Global heterogeneity plot θ(1-θ) vs. ln(p) for Jovanovic and Jovanovic-Freundlich (JF aka Jov-m, i.e. Jovanovic + heterogeneity) compared with Langmuir, Generalized Freundlich (GF)/Sips and Freundlich (F) equations.

All equations (JF/Jov-m, GF and F) corresponding to heterogeneous surfaces and characterized by the same value of heterogeneity parameter m for low surface coverages θ behave in the same way. The same applies to local Jovanovic and Langmuir isotherms.

However, for medium and high coverages θ) the differences become clear.
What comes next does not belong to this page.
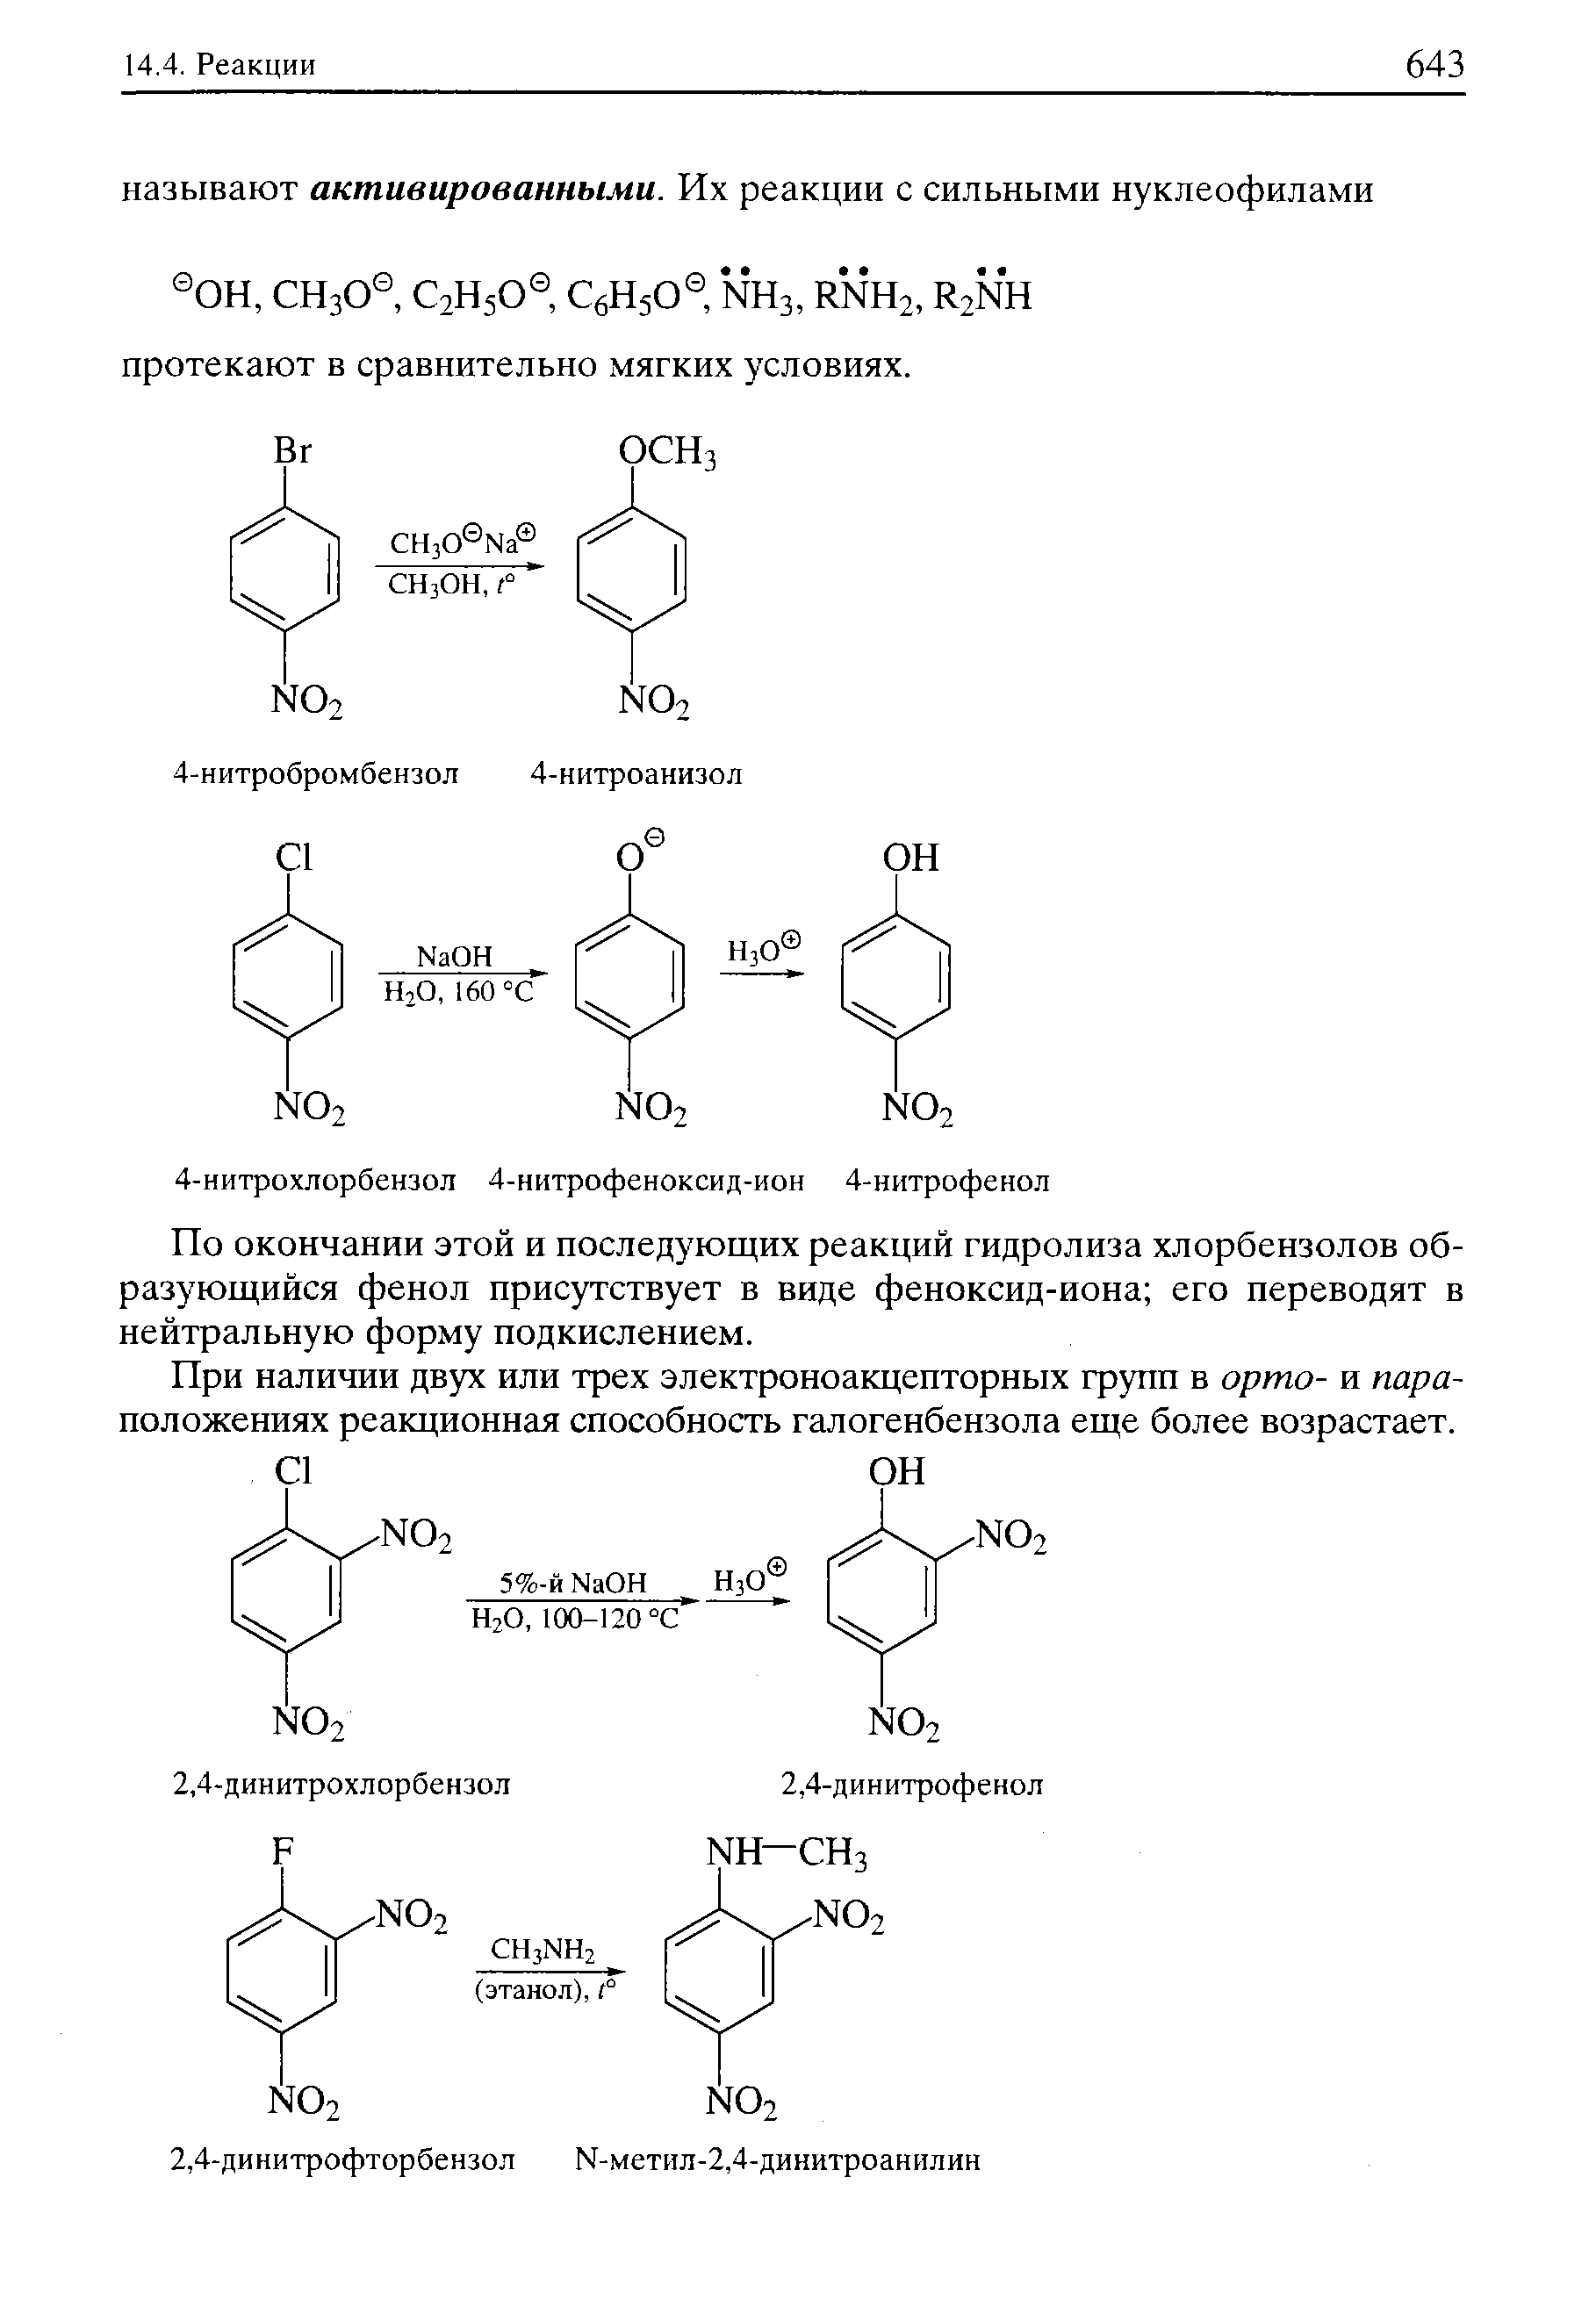 По окончании этой и последующих реакций гидролиза хлорбензолов образующийся фенол присутствует в виде феноксид-иона его переводят в нейтральную форму подкислепием.

Freundlich quickly reaches saturation, whereas Jovanovic and JF/Jov-m tend much faster to θ → 1 in comparison to Langmuir and Langmuir-based GF isotherm of the same parameter m.

*For other Langmuir-based isotherms see model picture for GL*

Those differences result partially from their implied local isotherms, i.e. different adsorption/interaction models (Langmuir, Jovanovic, Freundlich), partially from the magnitude of heterogeneity effects (heterogeneous or homogeneous: JF (Jov-m)/ Jov; GF / L) or shape of energy distribution function corresponding to apparently identical heterogeneity parameters or other factors (e.g. Freundlich should be used for vapor adsorption with p ≤ p_{s} or in solutions for weakly soluble substances with c ≤ c_{s}).

*For Freundlich equation point θ=1 corresponds to p=p _{o} , for other equations θ=1 is reached for p→∞ or [p/(1-x)]→∞ (for vapors x = p/p_{s} and for weakly soluble solutes; x=c/c_{s}).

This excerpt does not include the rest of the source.